William Scarbrough (February 18, 1776 – June 11, 1838) was an American sea merchant. He was one of the principal owners of the SS Savannah, which in 1819 became the first steamship in the world to cross the Atlantic Ocean.

== Life and career ==
Scarbrough was born in Barnwell County, South Carolina, in 1776, the son of William Sr., a wealthy planter, and Lucy Sawyer.

He was educated at the University of Edinburgh, before moving to Savannah, Georgia, around 1798.

He became a bank director, an election manager, a member of the board of health, a vestryman at Savannah's Christ Church, was on the vice council of Denmark and Sweden, and was council general of Russia.

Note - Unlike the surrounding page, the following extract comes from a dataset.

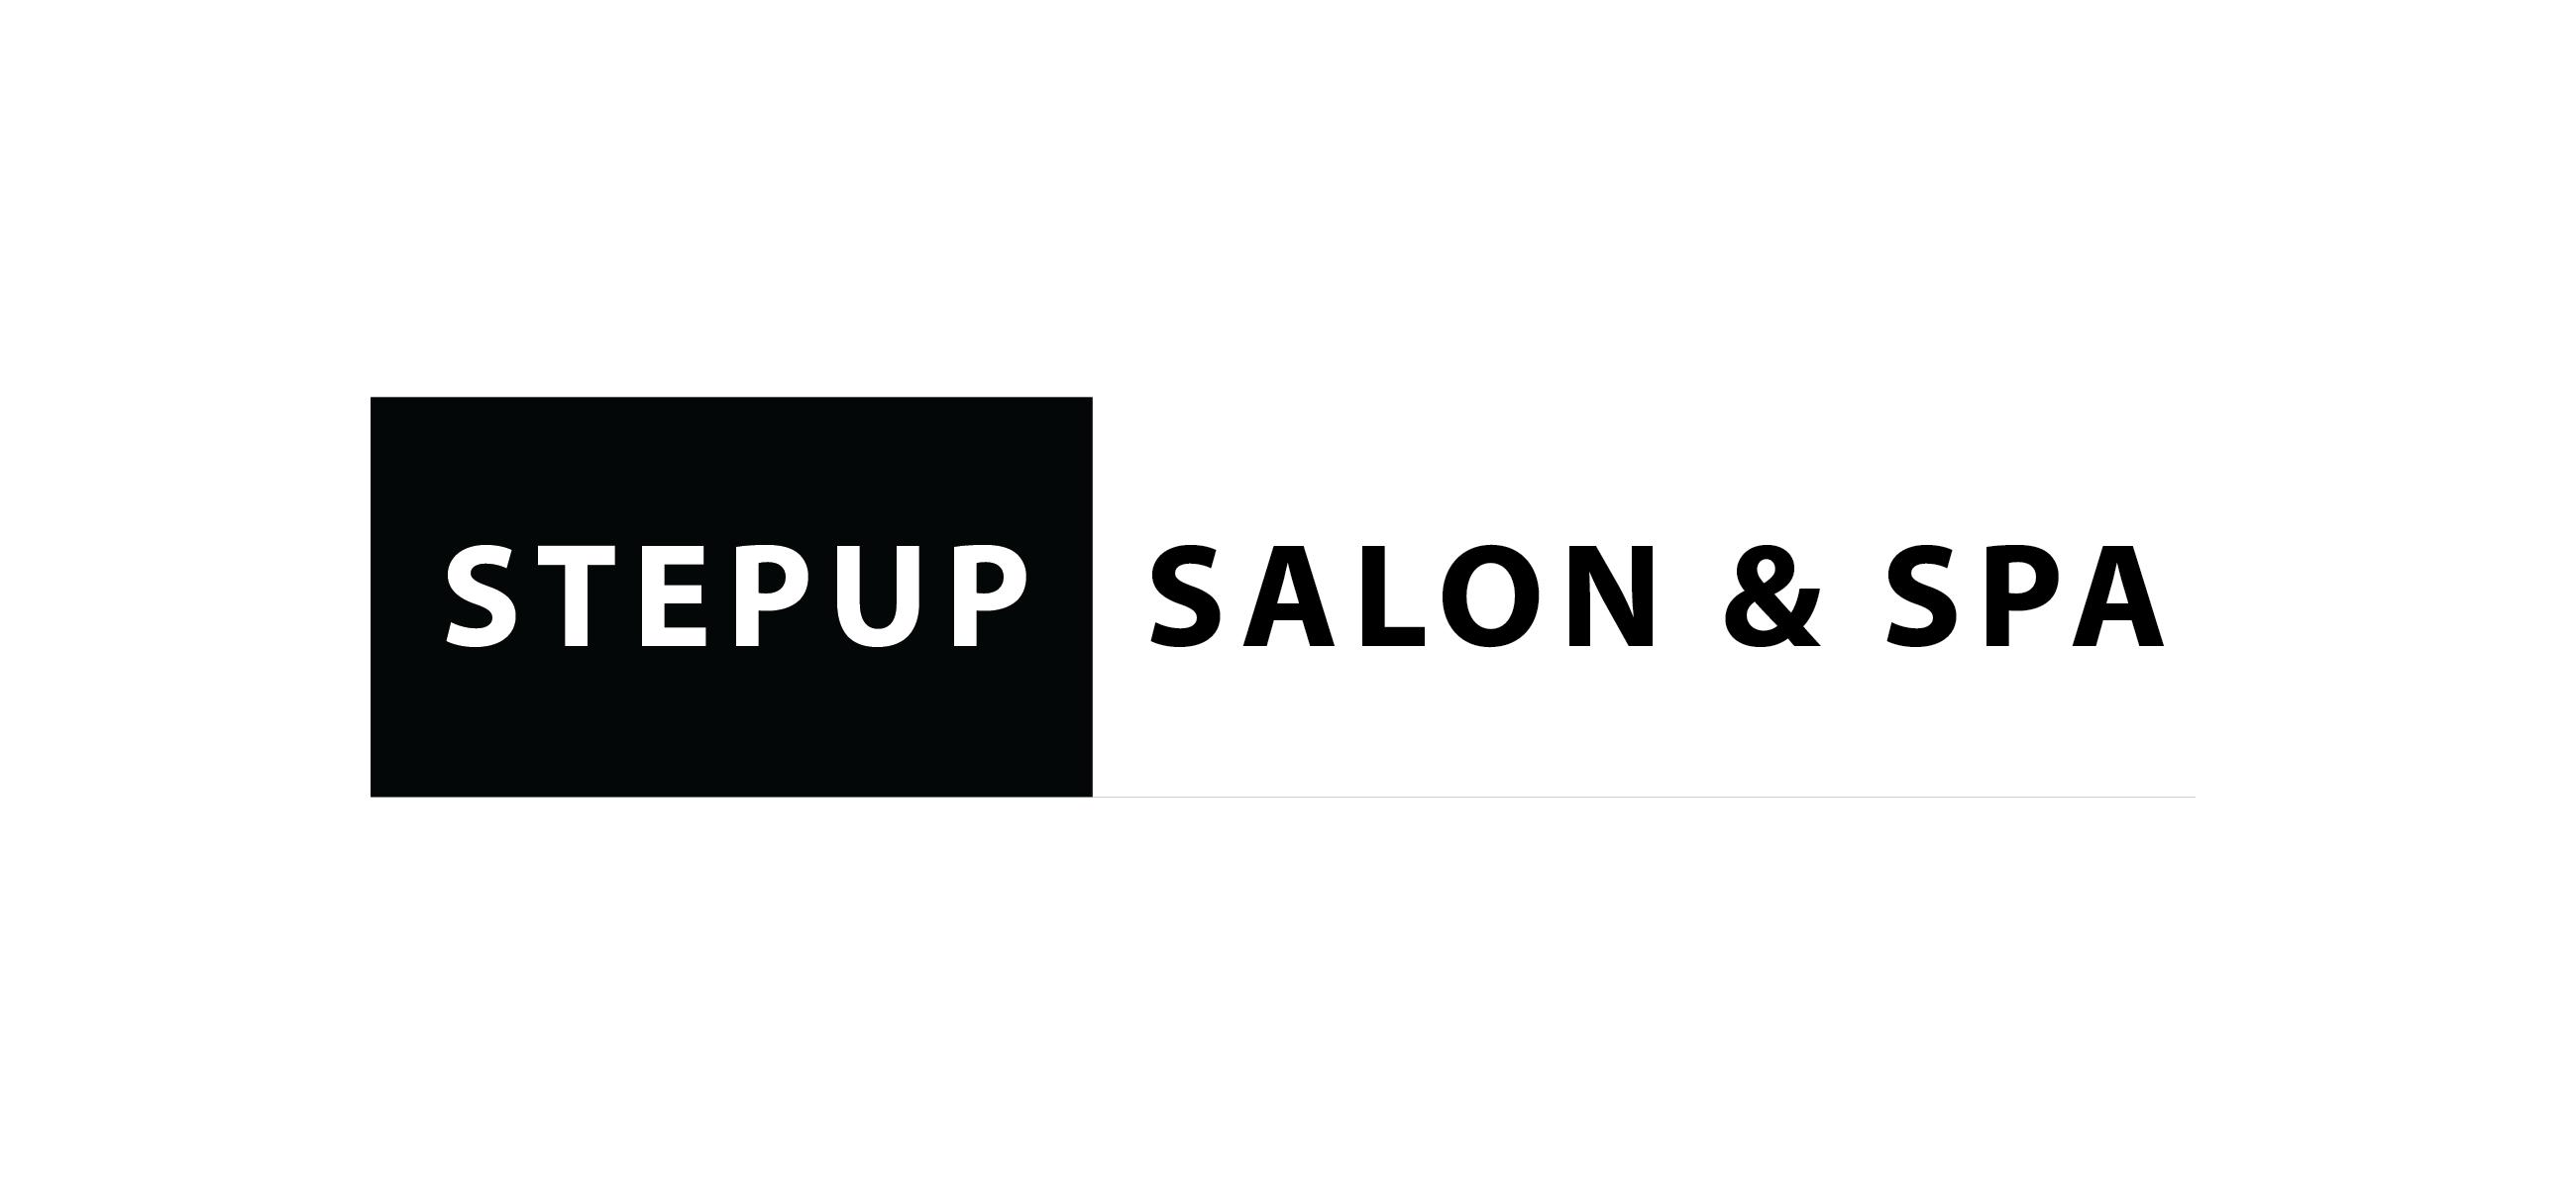 Step Up Beauty Salon - Yelahanka - Bangalore Image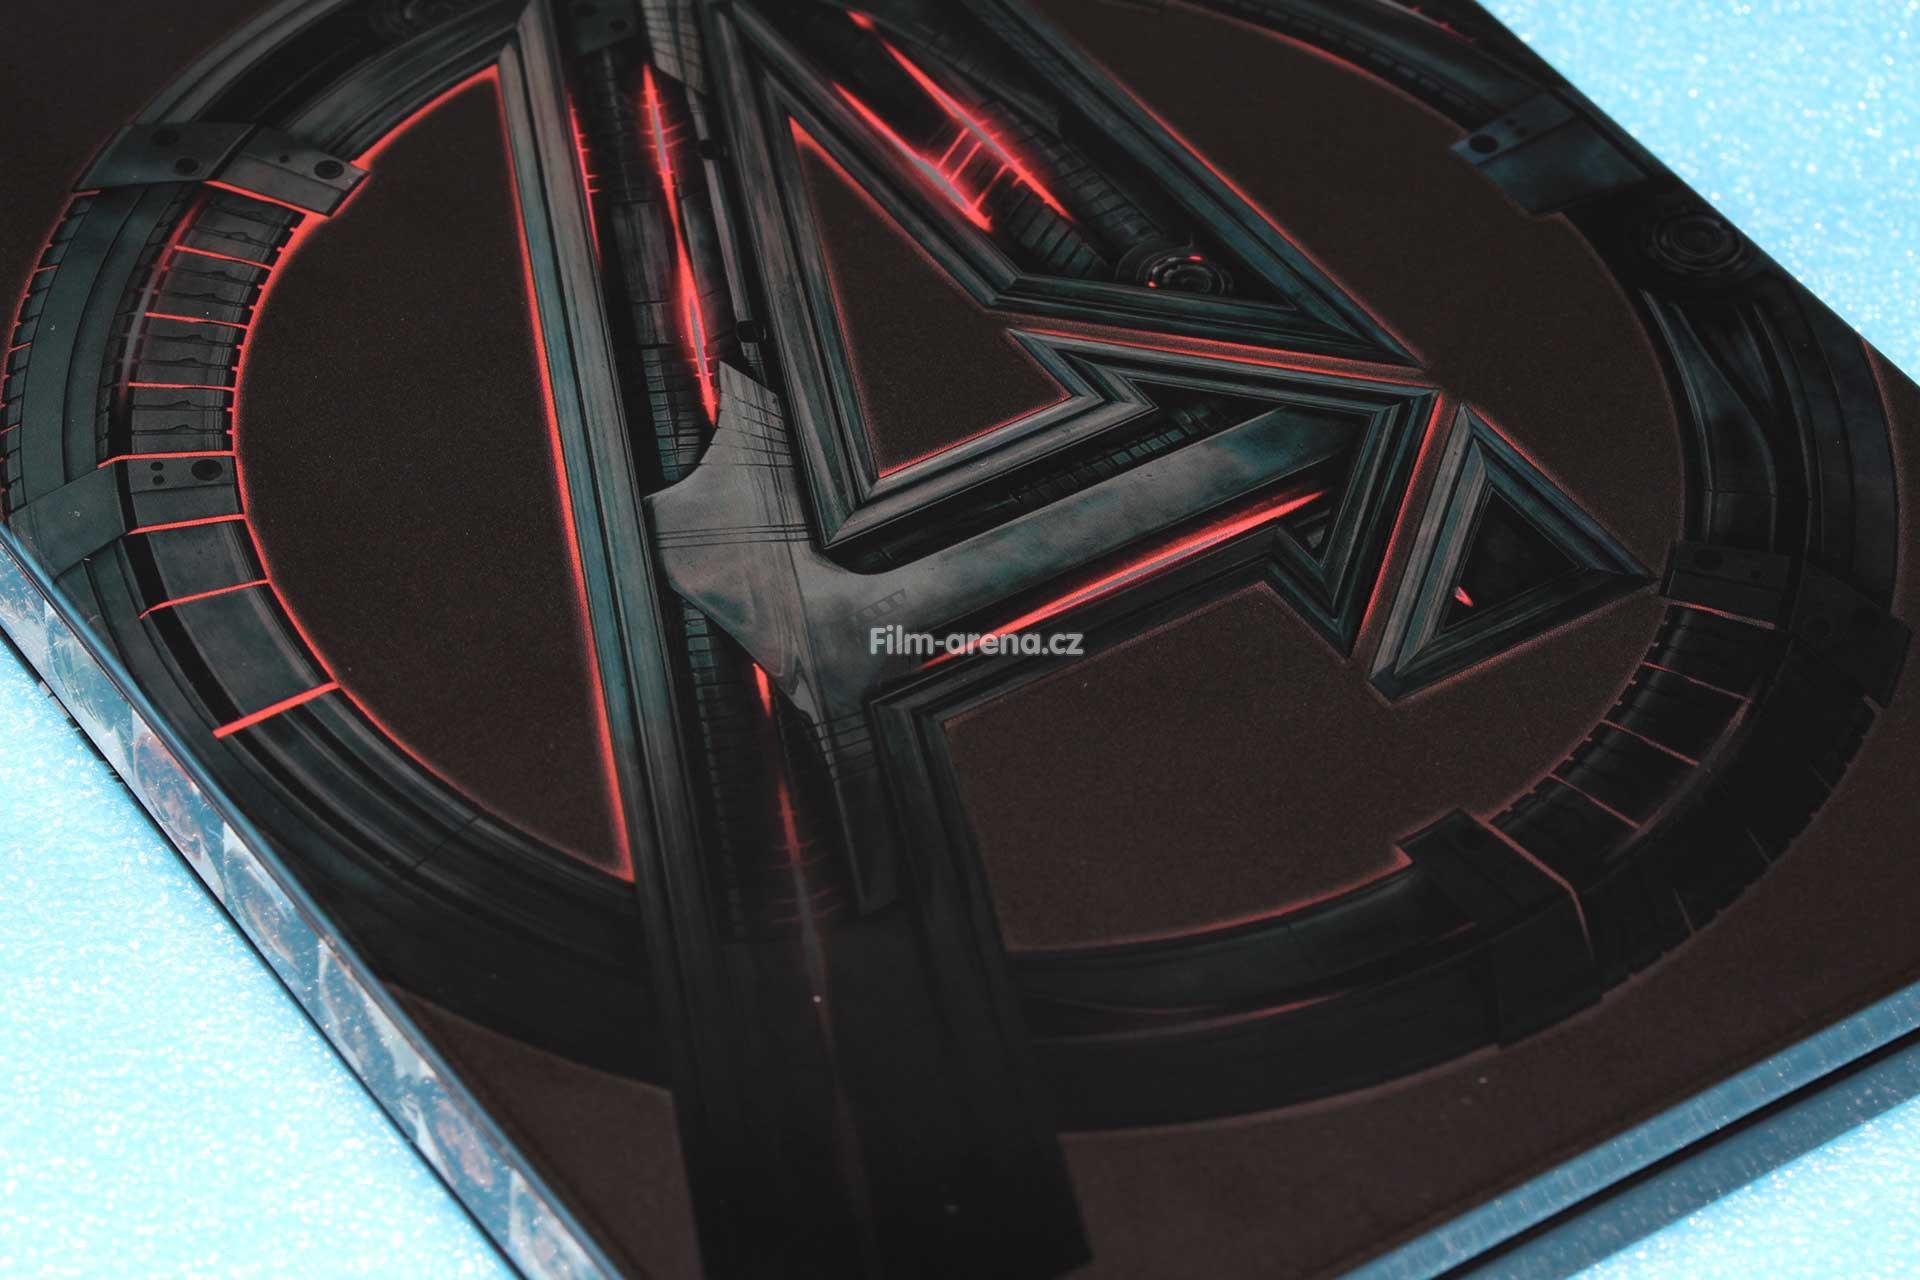 http://www.filmarena.cz/upload/images/nazivo/Avengers_2/avengers_14.jpg

On April 18, 1805, he married Julia Bernard, with whom he had ten children: Charlotte deBernier, William, William G., Julia Henrietta, Lucy, Mary T., Joseph, Eliza, Emily and William Isaac. The couple hosted James Monroe, the sitting fifth United States president, in 1819.

In 1818, Scarbrough became president of the Savannah Steamship Company, which launched the SS Savannah the following year. It became the first steamship to cross the Atlantic Ocean.

Also in 1819, he had built what is today known as the William Scarbrough House on West Broad Street (today's Martin Luther King Jr. Boulevard).

The SS Savannah was not a success, and in November 1820, Scarbrough was in the midst of an "emotional and physical collapse". He was declared an insolvent debtor by the court, and his house and its furnishings were sold to a relative. The relative permitted Scarbrough and his family to remain in the home.

In the late 1820s and early 1830s, Scarbrough worked as an agent for the Upper Darien Steam Rice and Saw Mill in Darien, Georgia. He returned to Savannah in 1835.

== Death ==
Scarbrough died in 1838, while in New York City with his son-in-law, Godfrey Barnsley. He was 62. He was interred in a vault in Savannah's Colonial Park Cemetery along with his wife, who survived him by thirteen years.